All of this will be released in four parts. Today we're putting out the first chunk of data, covering the 2004/2005 - 2007/2008 seasons. This is coming along with a few changes to the open data repository on GitHub. But don't worry, our lovely CTO Thom Lawrence is on hand to explain all that:
"We've made a few changes to the open data repo. The first of these might break your existing code (although we've updated StatsBombR to support it): matches are now split into competitions and seasons, whereas previously only a single season of each competition was available. Secondly, we've upgraded all the matches currently available to our latest spec. This includes goodies like derived carry events, which might be of interest if you wanted to study the dribbles of a certain diminutive Argentinian. These events are calculated automatically, so you might see some very odd short looking carries, but for now we leave them all in the data for completeness' sake. Various other improvements to the data are detailed in the updated docs available alongside the data. Have a look at the docs and the new file layout, and please update your code to be compatible with the changes. Of course, if you don't have time, you can also just pull previous versions of the data from git if you really need to."
Just to emphasise: if you have done work with our data previously, please update StatsBombR.
To get your hands on the data just hop on over to our resource centre, sign the user agreement and go have some fun.
Working with StatsBomb Data In R
Now, we know that wrangling the data is an intimidating process for some. Coding can be tough to get into. For the uninitiated, staring at walls of code is a bit like gazing into a misty forest of unnervingly arranged characters. And just who is this json?
We'd like this to be as approachable as possible for as many people as possible. We want you to feel comfortable jumping in and having a play around. With that in mind, we've put together a little primer for working with our data in the R programming language.

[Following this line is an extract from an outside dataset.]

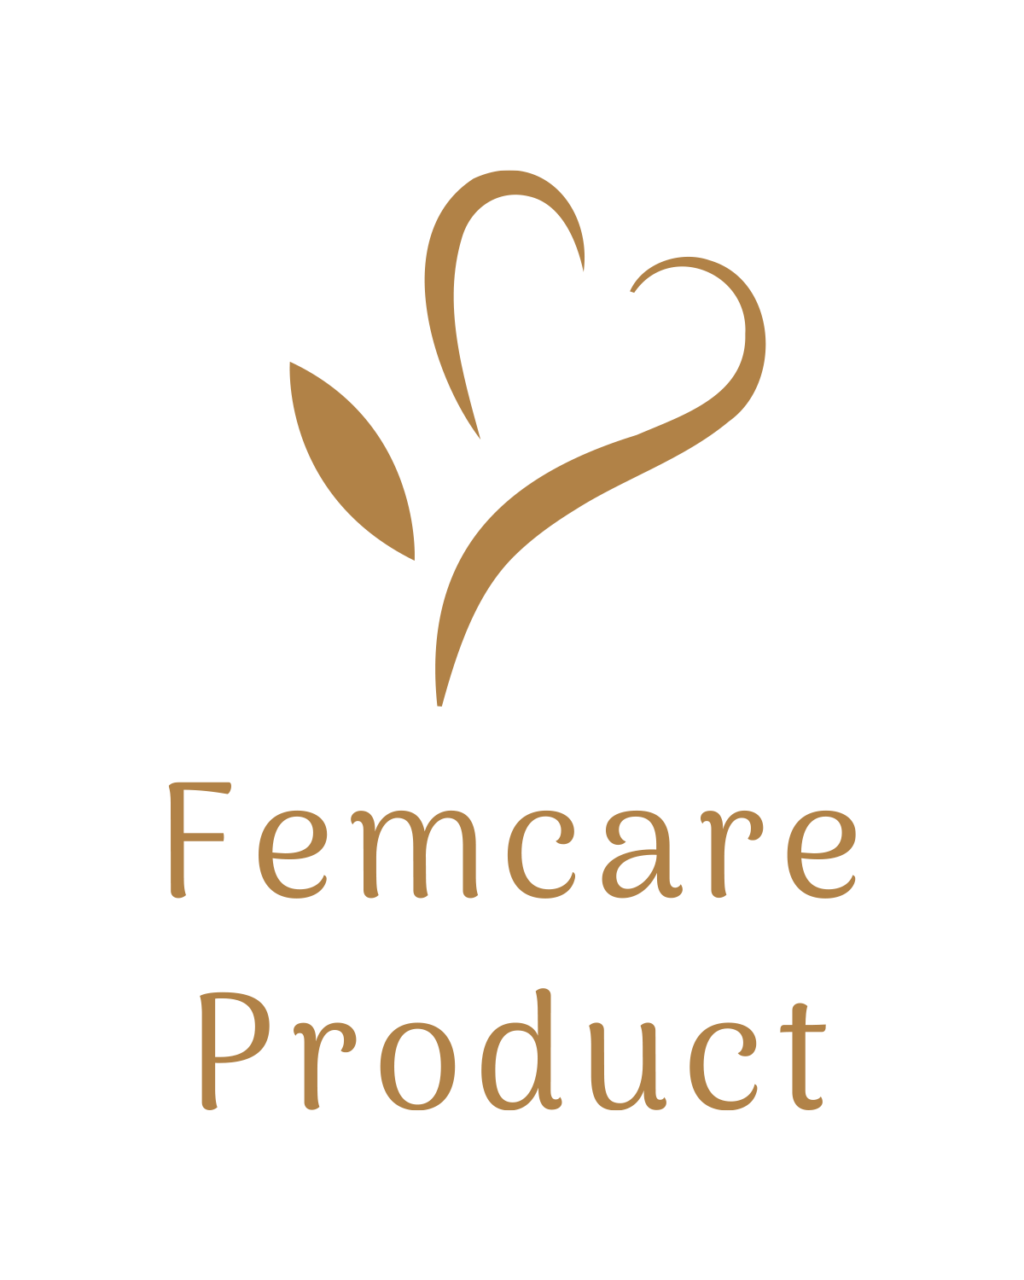 Femcare Product

R was chosen for a few reasons: For starters it's the language we on the internal analysis side of StatsBomb use most commonly. It's quite handy in various ways for parsing, visualising and generally working with large datasets (although I've no doubt some will have objections to this). And, perhaps most importantly, our former data scientist Derrick Yam (now of the bloody Baltimore Ravens! Go you Hamsterdam birdfriends!) put together StatsBombR, an R 'package' with a whole suite of functions that make it a breeze to pull and manipulate our data. For those who have already committed to Python, we apologise for having nothing that caters to you. Perhaps in the future we will. It's just not something we have time and expertise to do right now.

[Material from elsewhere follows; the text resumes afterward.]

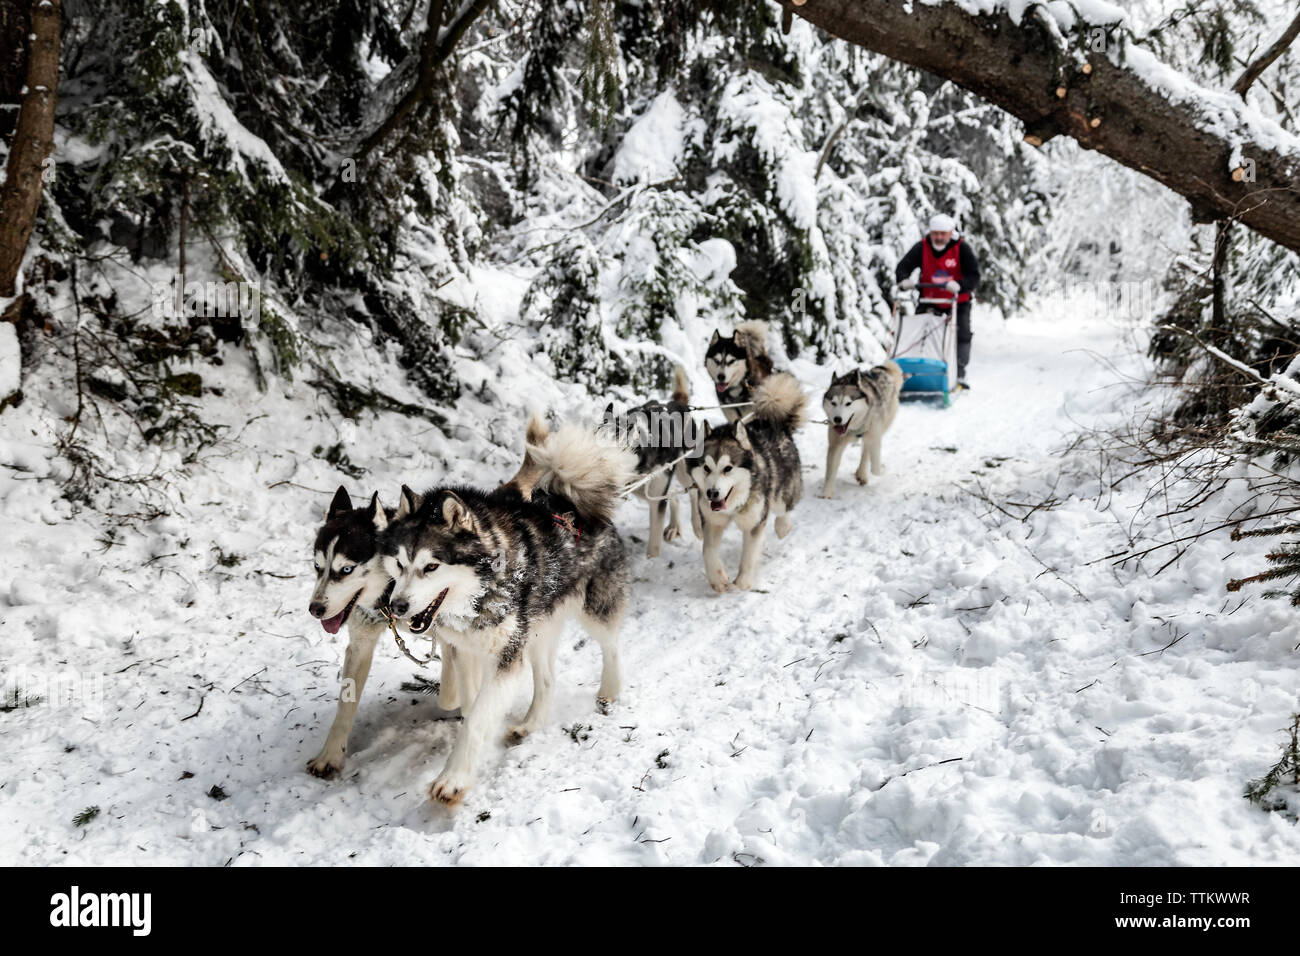 Man dogsledding amidst trees on snowy field Stock Photo

It'll run you through the fundamentals of R itself, along with how to pull our data, a few initial use cases like pulling out various numbers and building some basic plots and point you towards some resources that'll help you along your way. You can find that here in PDF form:
GUIDE IN ENGLISH HERE--> Using StatsBomb Data In R
That's not all though. This is, after all, a project revolving around Spanish football. To further the ends in Spain, we also have a Spanish language version of the primer. The translation for this was kindly done by the effervescent Pablo P. Rodríguez. If you have any questions about the translation specifically then he will happily* field them (*poor bugger). And while you're there, please do thank him for his efforts.

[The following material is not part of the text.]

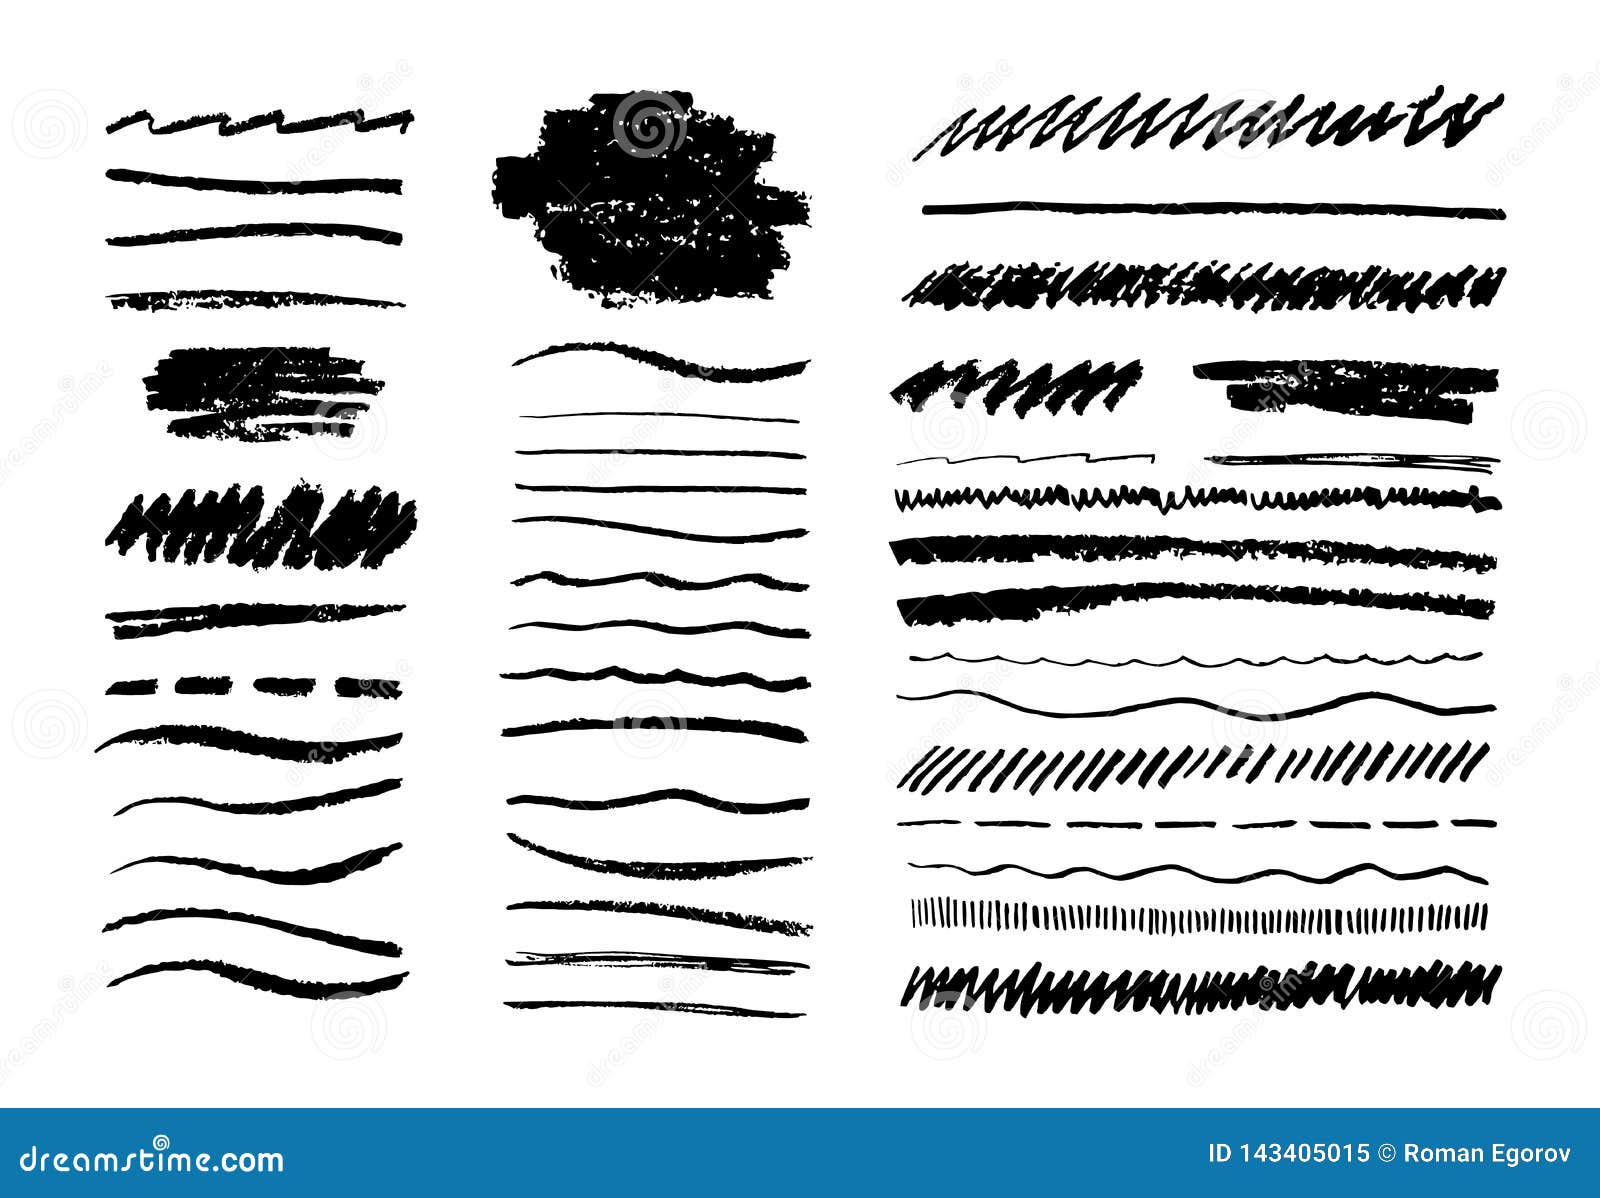 grunge pencil line. scribble chalk brush, black doodle graphite art texture, hand drawn sketch s.  grungy

GUIDE IN SPANISH HERE--> Using StatsBomb Data In R - Spanish
Just one example of what can be conjured up in R with StatsBomb Data. I made this and it's crap, but you can do better and take my job!
Any questions about the primer, or just generally about using the data in R, then do give me a shout on twitter (DMs are better for longer inquiries) or via my work email, firstname.lastname@example.org.
Hopefully having a look through this will ease your anxiety about diving into R. It's just a start but it should give you that first little nudge on the way to getting fully stuck in to the wild world of data witchcraft. We sincerely hope that you have a grand ol' time rambling through the avenues of Messi's La Liga history and all the free data beyond that.
Be well and have great days.